Last Thursday, May 17, 2012.... one of the worst days of my life. I lost my Mom.  She watched Jay Leno with my Dad, went to sleep, and never woke up. I have told quite a few people that I would rather deal with my shock, my sadness... my horror, than to think of her passing as a relief for all involved due to some long drawn-out illness. Because the one word that can describe my Mom is "vibrant." I would never want to think of her in any other way. 

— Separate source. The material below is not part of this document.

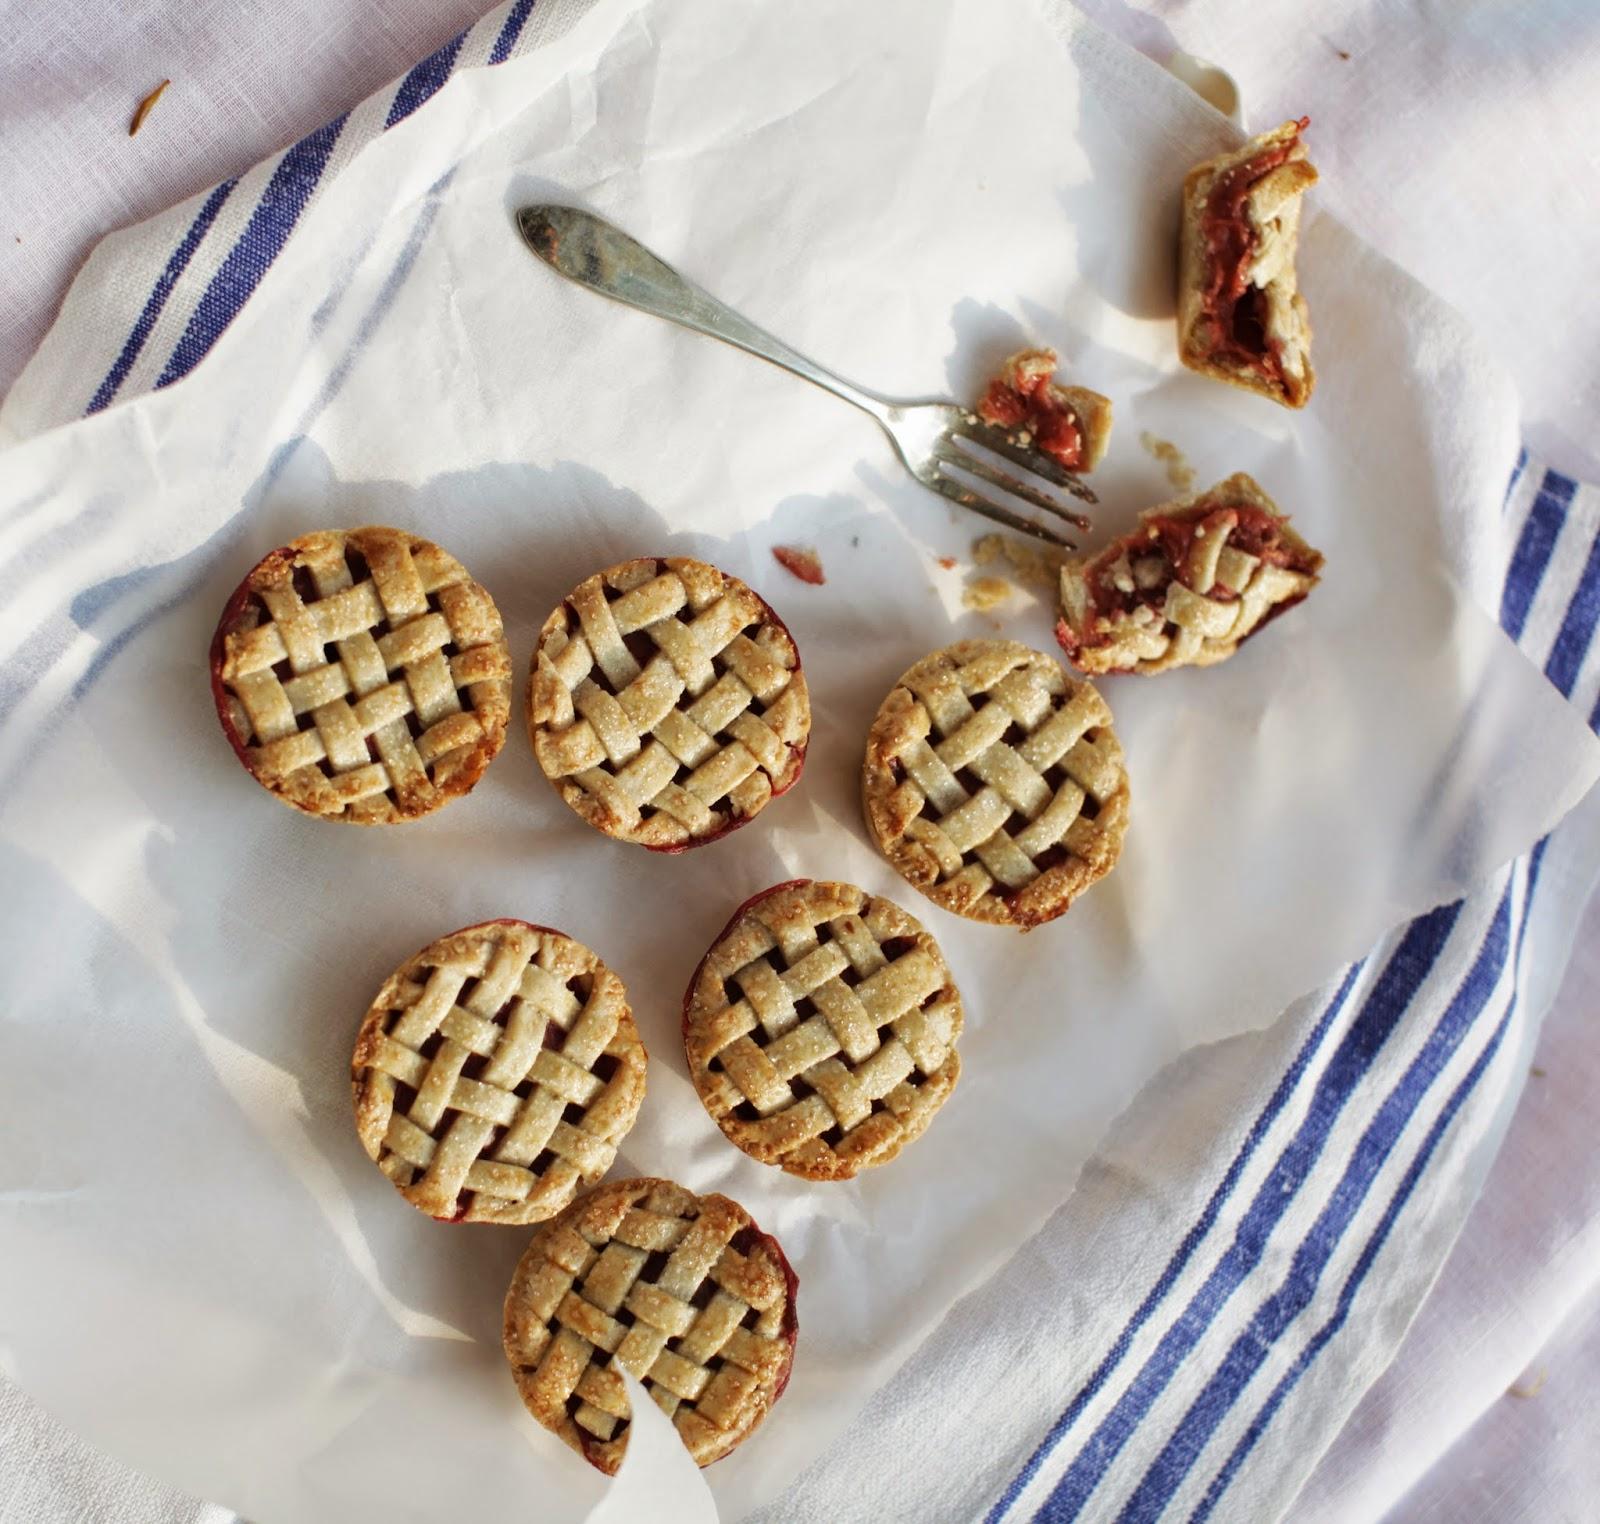 http://our-favorite-apple-pie.blogspot.com/2014/06/babeczki-rabarbarowo-truskawkowe.html

She had a lust of life, for learning, for living, for being the best woman she could be. Her legacy is all she's done, all she's created... that includes her four children. The ones along with her husband (my amazing Dad) who gathered around and used each of our strengths to get through this hellish weekend. Barbara was the caretaker, Peg was the enforcer, Bob provided the memories through his A/V prowess, and I did my best to organize and make decisions... but each one of us did help each other with each of these arenas. After all, we had to do all this, but as importantly, we had to grieve... we still need to grieve. We've each lost a part of who we are... one of our pillars on which we've built our lives just disappeared like that. We have to find a new way to balance, or as I've coined it, the "new normal."
I had my moments where I lost it completely. The first and, so far, the strongest was went I got home after hearing the news. I am so thankful that Peg just happened to be staying with me and that she was there. If she hadn't, I would have been alone with no one to help me. She is my sister, one of my best friends. I love her so much. 
My Tony came home not too much later.... a true testament to having such a amazing man in my life is the one who knew that all the emotions of having lost his mother years ago would come flooding back, but kept that at bay for my sake. I'm not a selfish person, but I needed, and still need his strength and he's given it to me with so much love. He saw the worst breakdown he's ever seen from me and held on and helped.
My family hasn't been the most functional in its history. We have our disagreements, we have our pasts with each other. But this made us realize we have to put these things behind us. We are each who we are and we have differences, but we are still family. Stop the bickering and just accept the differences. Celebrate them in fact... it's what Mom wanted all along.
I'm rambling. (I'm aloud to do this, it is the name for this page after all. :) The editor in me will whittle this down, correct it and make it more suitable for publication. 
The headline of this entry says "So this is what it feels like..." What I meant by that is that I know many friends, acquaintances, and family members who have lost a parent. I always told them that I was so sorry to hear of their loss and that I can only imagine how they feel. Well now, I don't have to imagine, I know how it feels. And yes, it sucks.